Mexiana
- Mexiana on a WorldWind satellite image from 1990

Geography
- Location: Pará State, Brazil
- Coordinates: 0°2′S 49°35′W﻿ / ﻿0.033°S 49.583°W
- Archipelago: Marajó Archipelago
- Area: 1,543 km^{2} (596 sq mi)
- Length: 64 km (39.8 mi)
- Width: 28 km (17.4 mi)

Administration
- Brazil
- State: Pará
- Municipality: Chaves

= Mexiana =

Mexiana (Portuguese: Ilha Mexiana /pt/) is a coastal island in the Brazilian state of Pará. The island is part of the municipality of Chaves. The Equator runs through the island.

Mexiana is located where the Amazon River flows into the Atlantic Ocean. It is separated from the island Marajó by the Canal Sul (South Channel) of this river and from neighbouring island Caviana by the Canal Perigoso ("Dangerous Channel"). The latter is called such because sandbanks make navigation perilous during low tides.

In the early 18th century, the leader of the indigenous groups living on Caviana was called Gaaimara. Between 1725 and 1728, they repeatedly attacked the Aruã on neighbouring Caviana together with the French.
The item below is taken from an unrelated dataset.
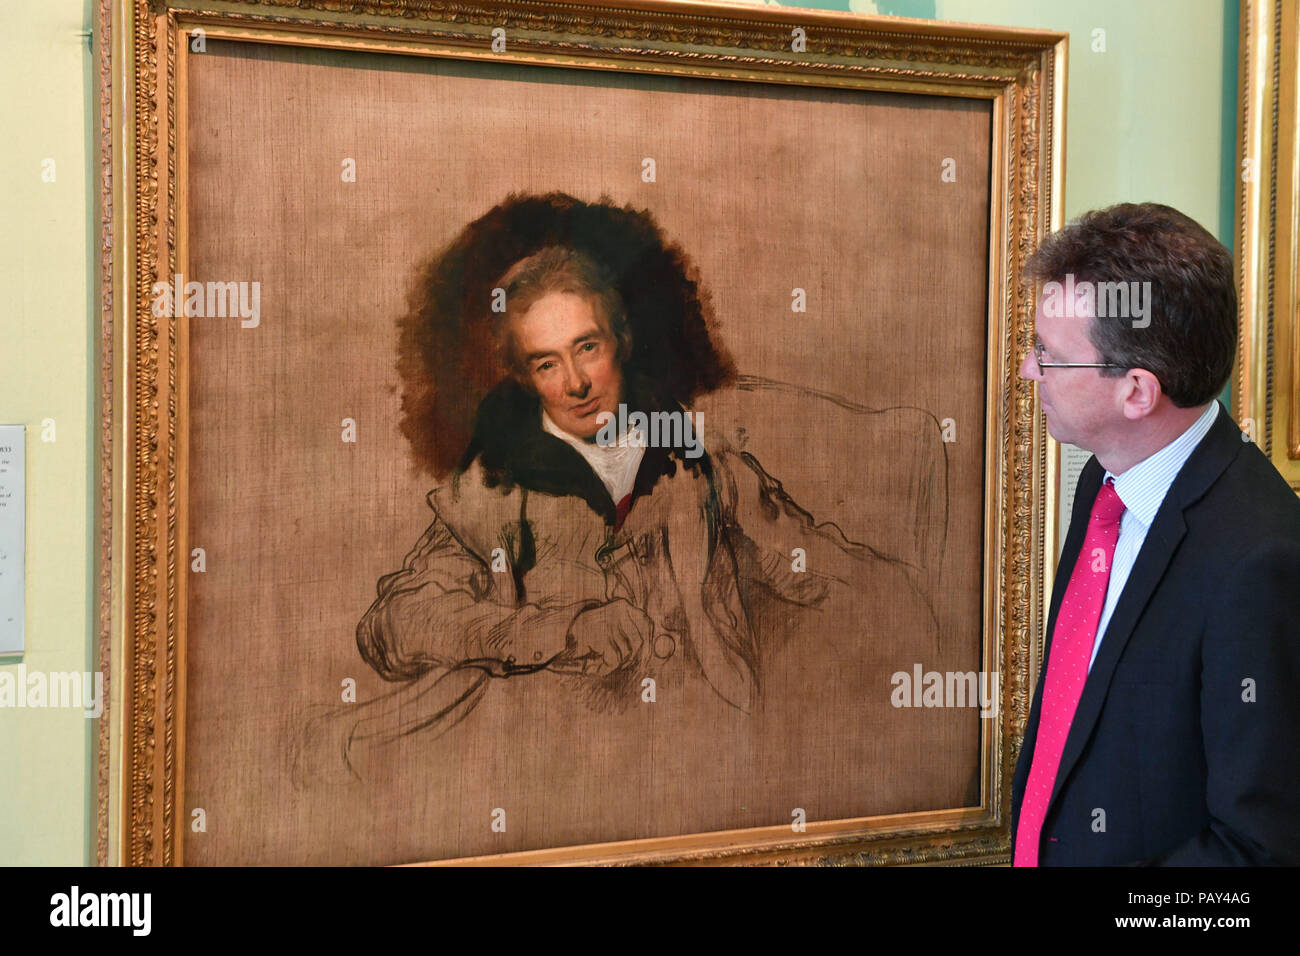 Il segretario alla cultura Jeremy Wright durante il lancio del nuovo progetto "Coming Home" alla National Portrait Gallery di Londra, che vedrà il ritratto di Sir Thomas Lawrence di William Wilberforce, attivista antislavery, esposto per la prima volta nella sua città natale di Hull. Foto Stock
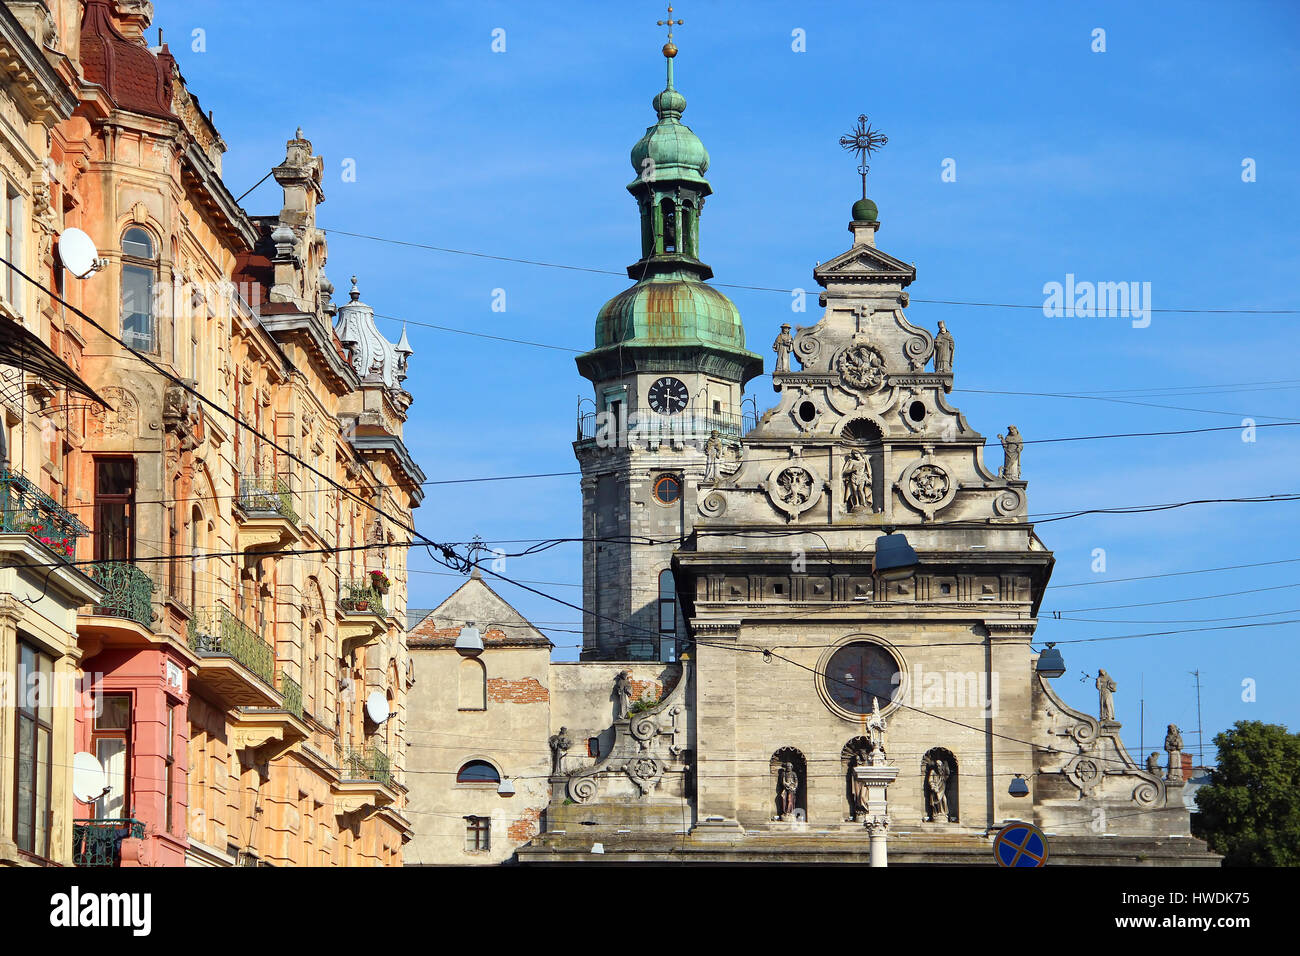 La vieille ville de Lviv et l'Eglise grecque-catholique de Saint André (Bernardine Church), Ukraine Banque D'Images

In the 19th century, the island was in the possession of the Pombo family, which originated from the Kingdom of Galicia. Started from the middle of that century, they used it for the extraction of rubber. Around the same time, Mexiana was visited by the English naturalist Alfred Russel Wallace. He wrote about the occurrence of slavery on the island, as well as about the abundance of large mammals. The native peccaries however were already extinct on Mexiana a century earlier.

Among the fauna present on the island are the scaled spinetail and the maguari stork. The island is contained in the 59,985 km2 Marajó Archipelago Environmental Protection Area, a sustainable-use conservation unit established in 1989 to protect the environment of the region.